Fast Robust Waveform inversion: functions

The functions specific to this package can be found in the mbin directory.

  • twonorms - the two-norm and its derivative.
  • Jls - least-squares residual and gradient for given model and observed data.
  • mylbfgs - standard L-BFGS with Wolfe linesearch

Contents

Penalty functions

The penalty functions are of the form

\(f(\mathbf{r}) = \sum_i p(r_i)\),

where

\(p(r) = \frac{1}{2}r^2\)

for least-squares, which is implemented in the function twonorms. Other penalties can be implemented in a similar fashion.

Misfit functions for FWI

Based on the above penalty functions, we can calculate the misfit for FWI, given a model \(\mathbf{m}\) and observed data \(\mathbf{d}_i\):

\(J(\mathbf{m}) = \sum_i f(F(\mathbf{m})\mathbf{q}_i - \mathbf{d}_i)\),

where \(F(\mathbf{m})\mathbf{q}_i\) is the modeled data for the \(i\)-th source.

We can test the accuracy of the gradient based on the Taylor series:

\(J(\mathbf{x} + h\Delta \mathbf{x}) = J(\mathbf{x}) + h\nabla J(\mathbf{x})^T\Delta\mathbf{x} + \mathcal(O)(h^2)\)

We can plot the error

\( | J(\mathbf{x}+h\Delta\mathbf{x}) - J(\mathbf{x}) - h\nabla J(\mathbf{x}+h\Delta\mathbf{x})^T\Delta\mathbf{x} | \)

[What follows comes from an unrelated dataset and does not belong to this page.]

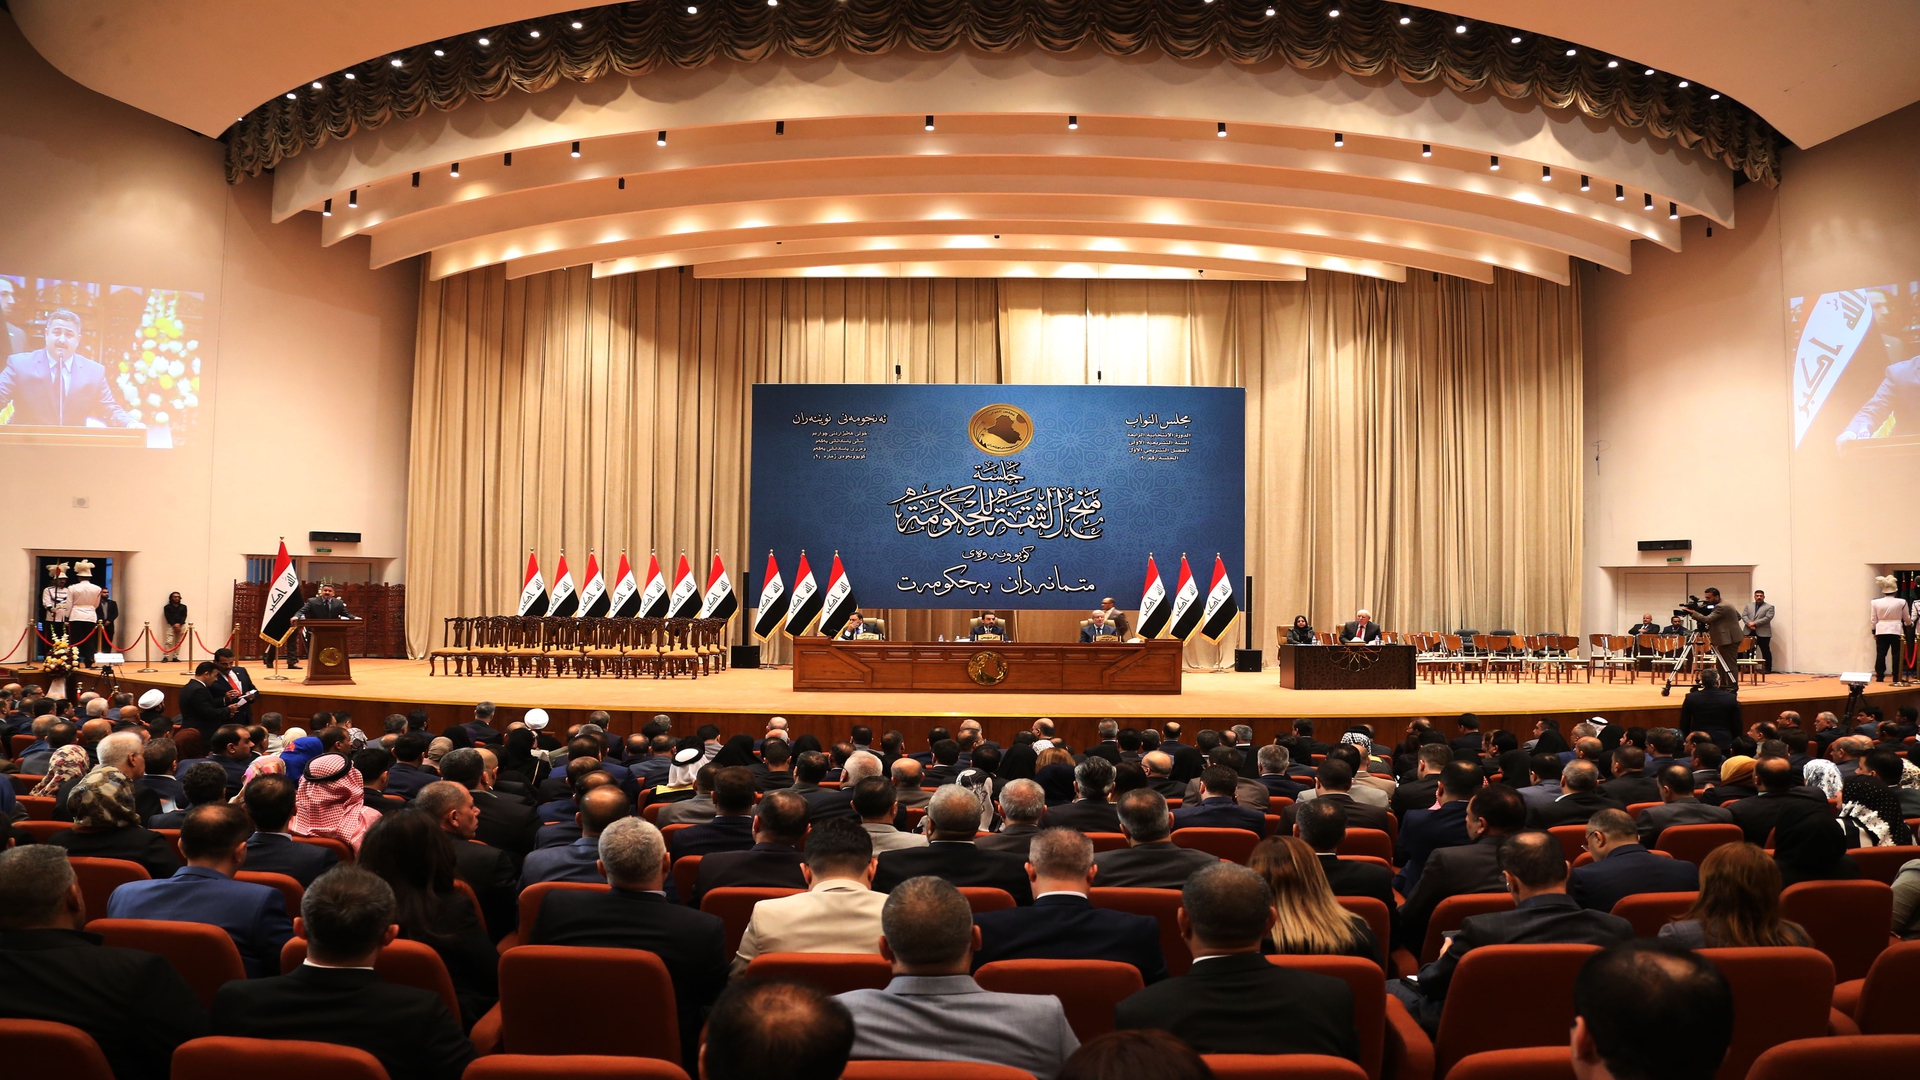 البرلمان العراقي يوصد ابوابه الليلة والخلافات تدب بفقرتين في الموازنة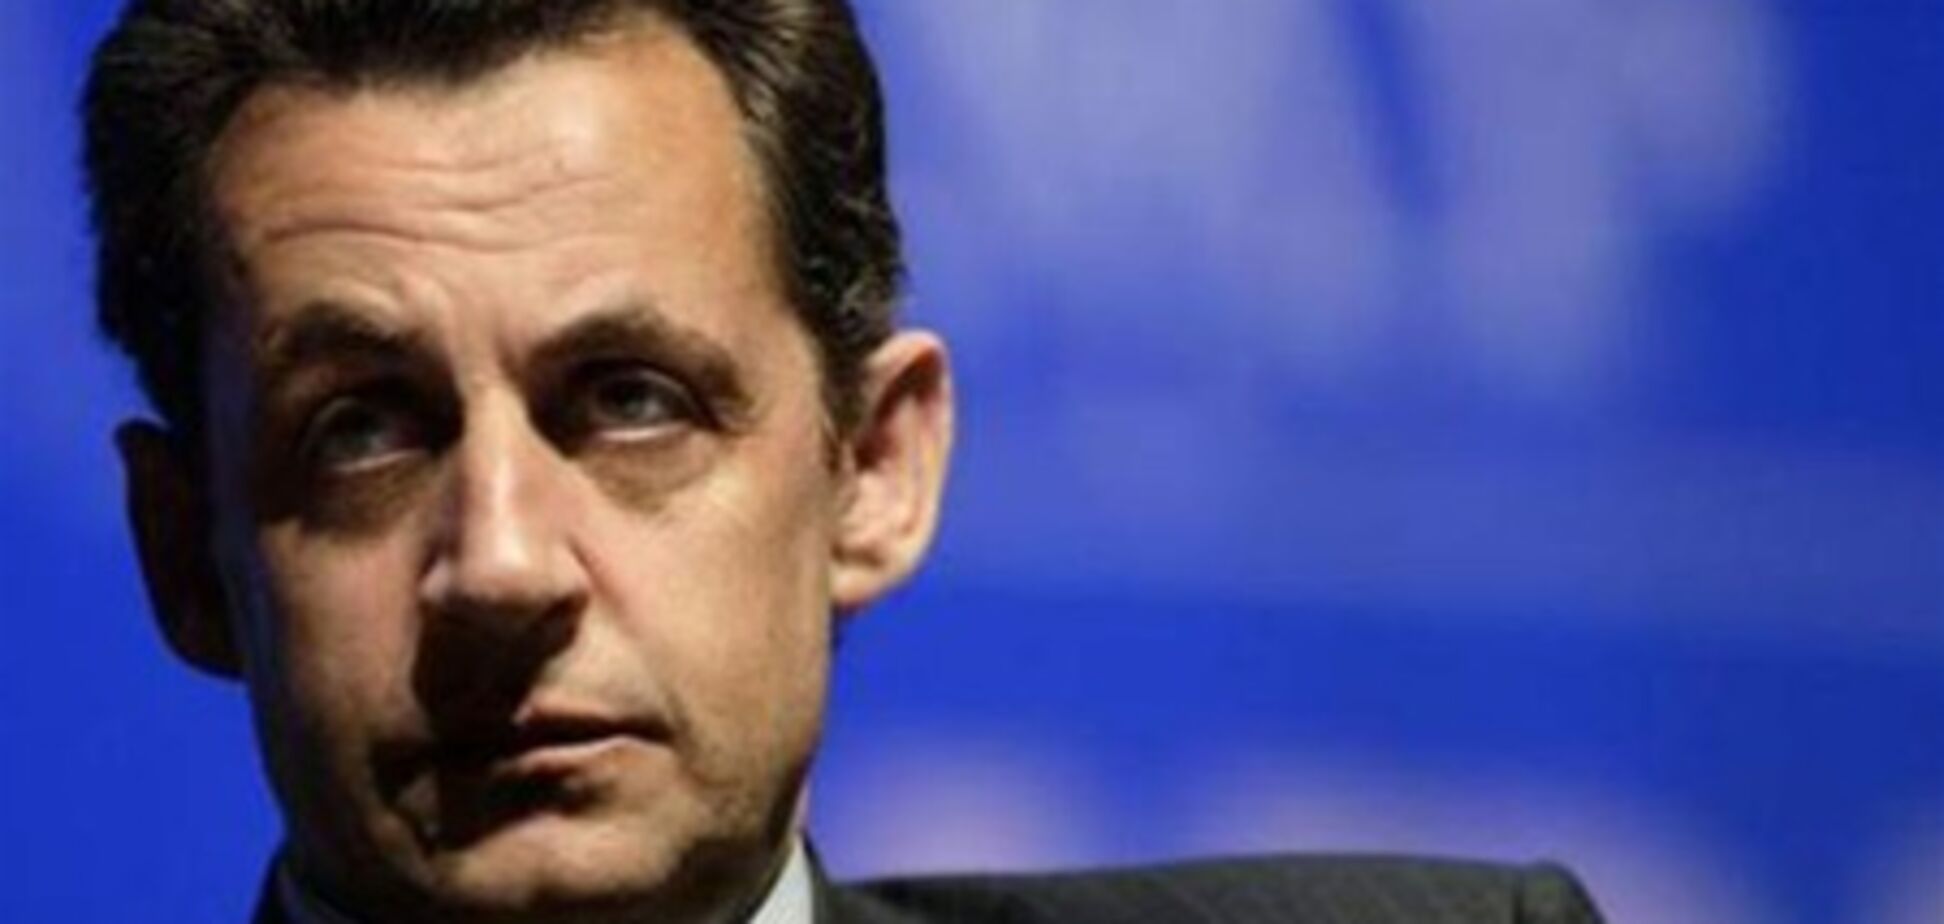 ЗМІ: пишні святкування на честь Жанни Д'Арк - передвиборної трюк Саркозі

as a function of \(h\) and verify that it decreases as \(h^2\):

% setup some model parameters
model.o = [0 0];
model.d = [10 10];
model.n = [51 51];
model.nb = [50 50];
model.freq = [10];
model.f0 = 10;
model.t0 = 0.01;
model.zsrc = 15;
model.xsrc = 0:100:1000;
model.zrec = 10;
model.xrec = 0:20:1000;

% constant velocity 2000 m/s
v0 = 2000;
m  = 1e6/v0.^2*ones(prod(model.n),1);

% random perturbation
dm = randn(prod(model.n),1);

% define point sources and make data
Q = speye(length(model.xsrc));
D = F(m,Q,model);

% define function-handle for misfit
fh = @(x)Jls(x,Q,D,model);

% test for range of h
h = 10.^[-2:-1:-8];
f0 = fh(m);
for k = 1:length(h)
    [f1, g1] = fh(m + h(k)*dm);
    e(k) = abs(f1 + h(k)*g1'*dm - f0);
end

% plot error
figure;
loglog(h,e,h,h.^2,'k--');
xlabel('h');ylabel('error');
legend('error','h^2');

Alternatively, we can check whether

\(\frac{1}{2}(\nabla J(\mathbf{x}_1 + \nabla J(\mathbf{x}_2))^T(\mathbf{x}_2 - \mathbf{x}_1) = J(\mathbf{x}_2) - J(\mathbf{x_1})\)

for small \( | \mathbf{x}_2 - \mathbf{x}_1 |\).

m1 = m + 1e-3*randn(prod(model.n),1);
m2 = m + 1e-3*randn(prod(model.n),1);

[f1,g1] = fh(m1);
[f2,g2] = fh(m2);

.5*(g1 + g2)'*(m2 - m1)/(f2 - f1)
ans =

    1.0017

Optimization

Included is a standard L-BFGS with a Wolfe linesearch, mylbfgs.m (cf. [1]).

References%

[1] J. Nocedal and S.J. Wright, 1999. Numerical Optimization. Springer.